### Your task
Transcribe the listing exactly as written. Leave the images out.

### Stored data
+++++

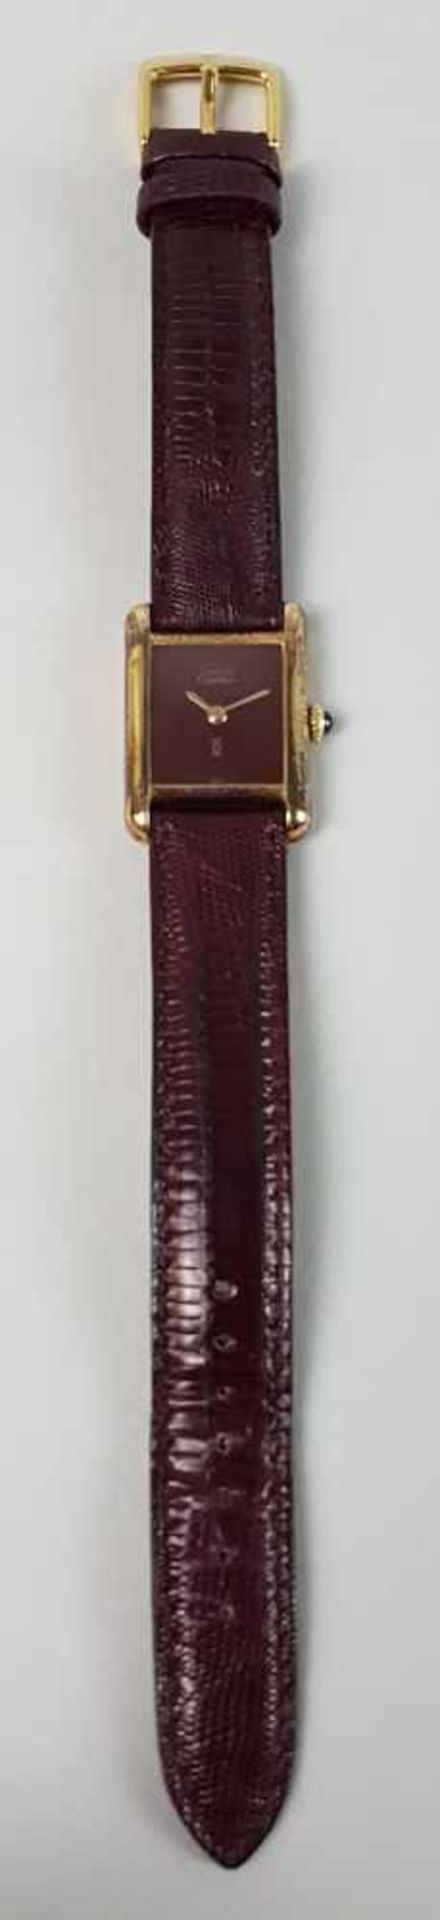 Damenarmbanduhr - Must de Cartier, 925-Silber vergoldet,rechteckiges schwarzes Zifferblatt,
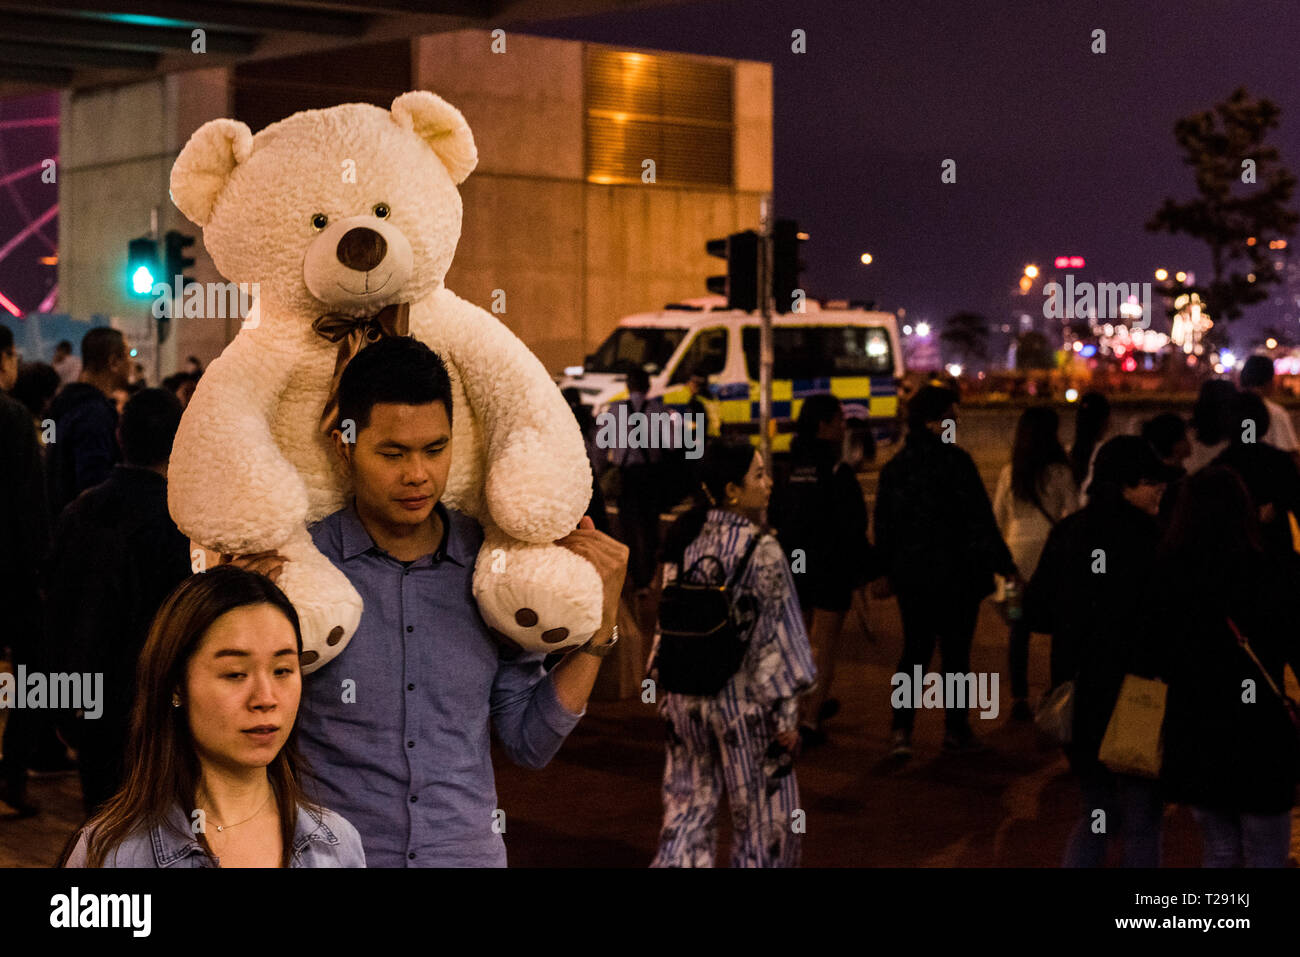 Mann, der riesige Teddybären auf den Schultern, und die Straße mit Menschen gefüllt, während das chinesische Neujahr feiern, Kowloon, Hong Kong Stockfoto
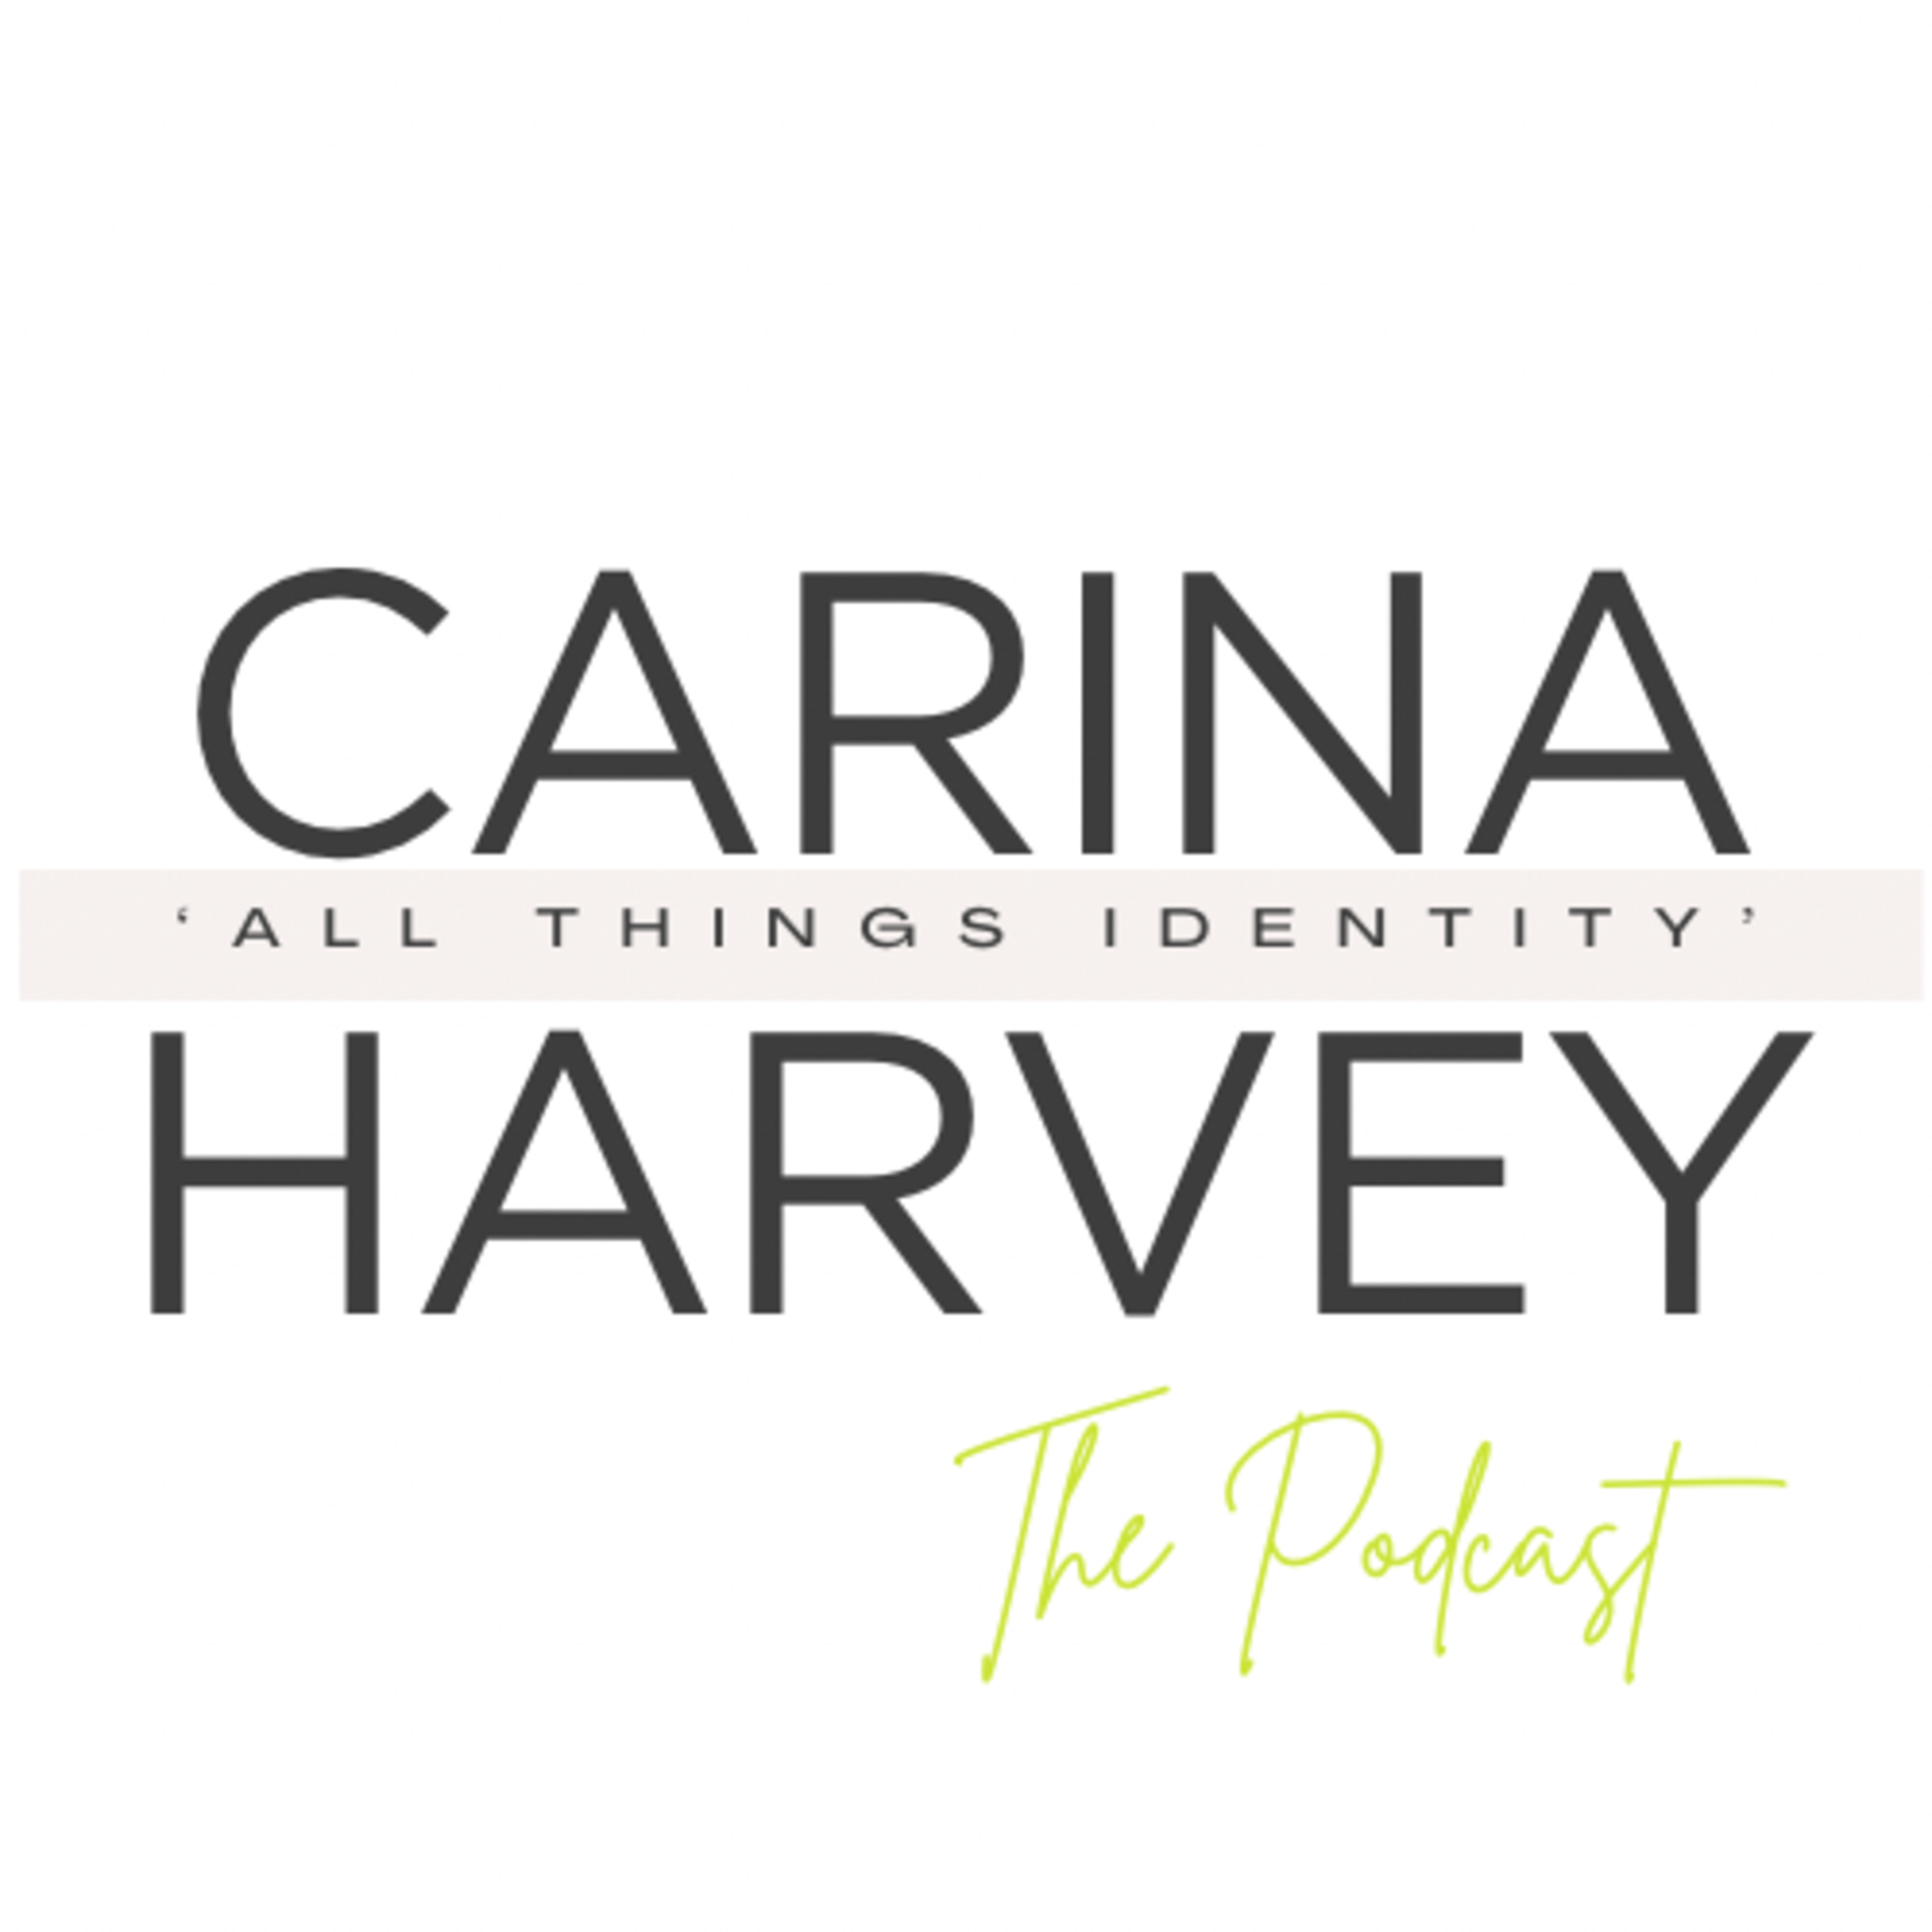 Carina Harvey: The Podcast 'All Things Identity'

+++++

### Output of the task
 Damenarmbanduhr - Must de Cartier, 925-Silber vergoldet,rechteckiges schwarzes Zifferblatt,
 Mann, der riesige Teddybären auf den Schultern, und die Straße mit Menschen gefüllt, während das chinesische Neujahr feiern, Kowloon, Hong Kong Stockfoto
 Carina Harvey: The Podcast 'All Things Identity'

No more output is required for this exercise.